This later extends to indict Enlightenment ideals, and
anything that promotes the individual, as the more totalitarian elements argue
that worrying about the individual detracts from serving the state. It finds
expression once during the Dreyfus Affair, where those elements argue that even
if Dreyfus were innocent – a possibility they don’t actually entertain, as the
Jew is clearly a traitor to them, though if he isn’t a true Frenchman, how can
he be a traitor – it is worth upholding the honor of the Army to sentence him
to prison (and French prisons were pretty horrible). In the early ‘30s, when
the left-leaning Popular Front wins the general election with the support of
the working class, and institutes a 40-hour work week, this is yet another
warning sign to those elements. Worrying about offering the workers opportunities
for leisure, chances to spend time with their family, only once again serves to
weaken France, because those workers should be in the factories, helping
produce things to keep France safe from the Germans (or the Communists,
depending on which boogeyman they were using that week).
What’s curious is Brown describes these years through the
lens of few people, mostly of totalitarian bent, but also mostly writers.
Maurice Barres was in the Chamber of Deputies for a time, but mostly was a
incendiary writer. The same with Maurras, who never met a problem he didn’t
think could be solved by expelling foreigners or beating up people with
opposing viewpoints. The most unusual choice was Pierre La Rochelle Drieu, who
spends much of the book doing very little, other than following his friends to
various causes, then spending much of the ‘30s trying to decide whether to be
Communist or Fascist, ultimately choosing the latter. I guess he works as a
microcosm for France in general, drifting, directionless, essentially waiting
for someone else to make the decision for them. Still, I might have preferred
the book spend more time on someone who actually, you know, did something,
rather than sit around twiddling his thumbs.
Brown spends a chapter each on the lives of Barres and
Maurras, another chapter on the way every political faction tried to use Joan
of Arc to promote their views in the late 19th Century (much the
same way Americans on both sides try to support their arguments by invoking the
Founding Fathers). There’s a chapter that looks at the emergence of Dadaism and
Surrealism in post-WWI. Some of the information is interesting, but a lot of it
felt non-essential. I guess I was looking for more of an explanation of why
France wound up where it did, and this is more of a description of the path it
took to wind up where it did.
There is a lot in there that reminds me of the current U.S.
climate. Blaming immigrants, claiming the country is being undermined by people
who aren’t “real” Americans/French. Lots of hypocrisy. You know the type, wants
the government to butt in and dictate (other) people’s lives with laws they
agree with, but doesn’t want the government doing the same to them. Is
perfectly OK with inciting violence towards people opposed to them, but are utterly
appalled when the tables are turned (see quote below.
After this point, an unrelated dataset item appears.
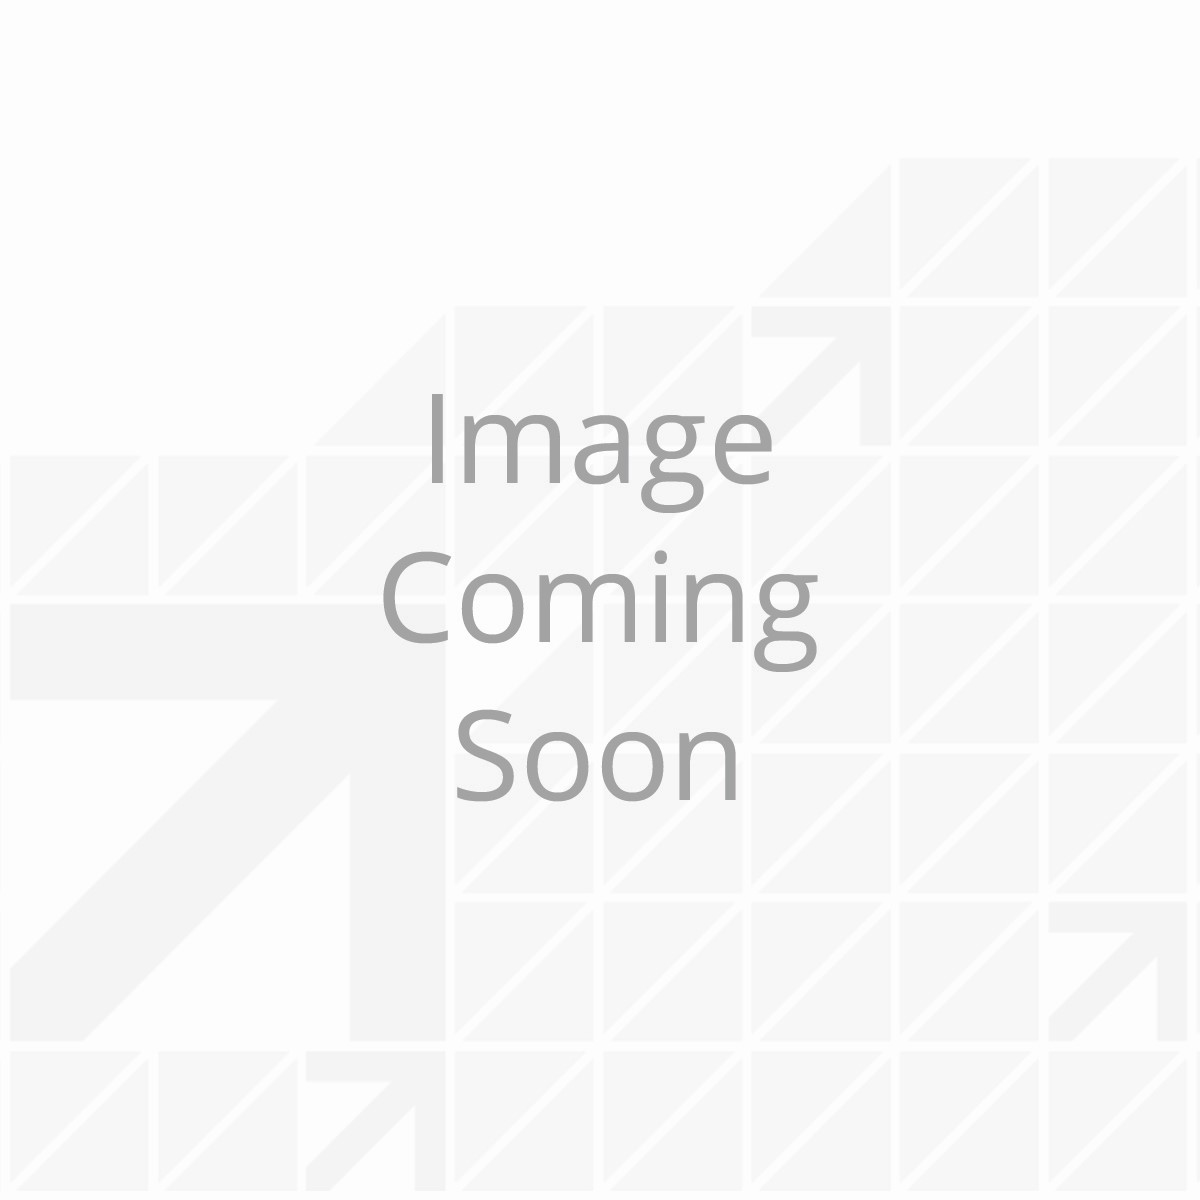 "Teddy Bear Bunk Mat Cover - 32"" x 74"" x 4"" (Tan)"

L’Action Francaise and
its brethren were perfectly OK with calling for violence against Jean Jaures,
even when it led to Raoul Villain killing Jaures, the strongest anti-war voice
in the lead up to World War 1, but it’s deplorable when it goes against them).
It’s all very exhausting after awhile. Everyone who pushes for dictators always
assumes the dictator will be someone who agrees with them on everything.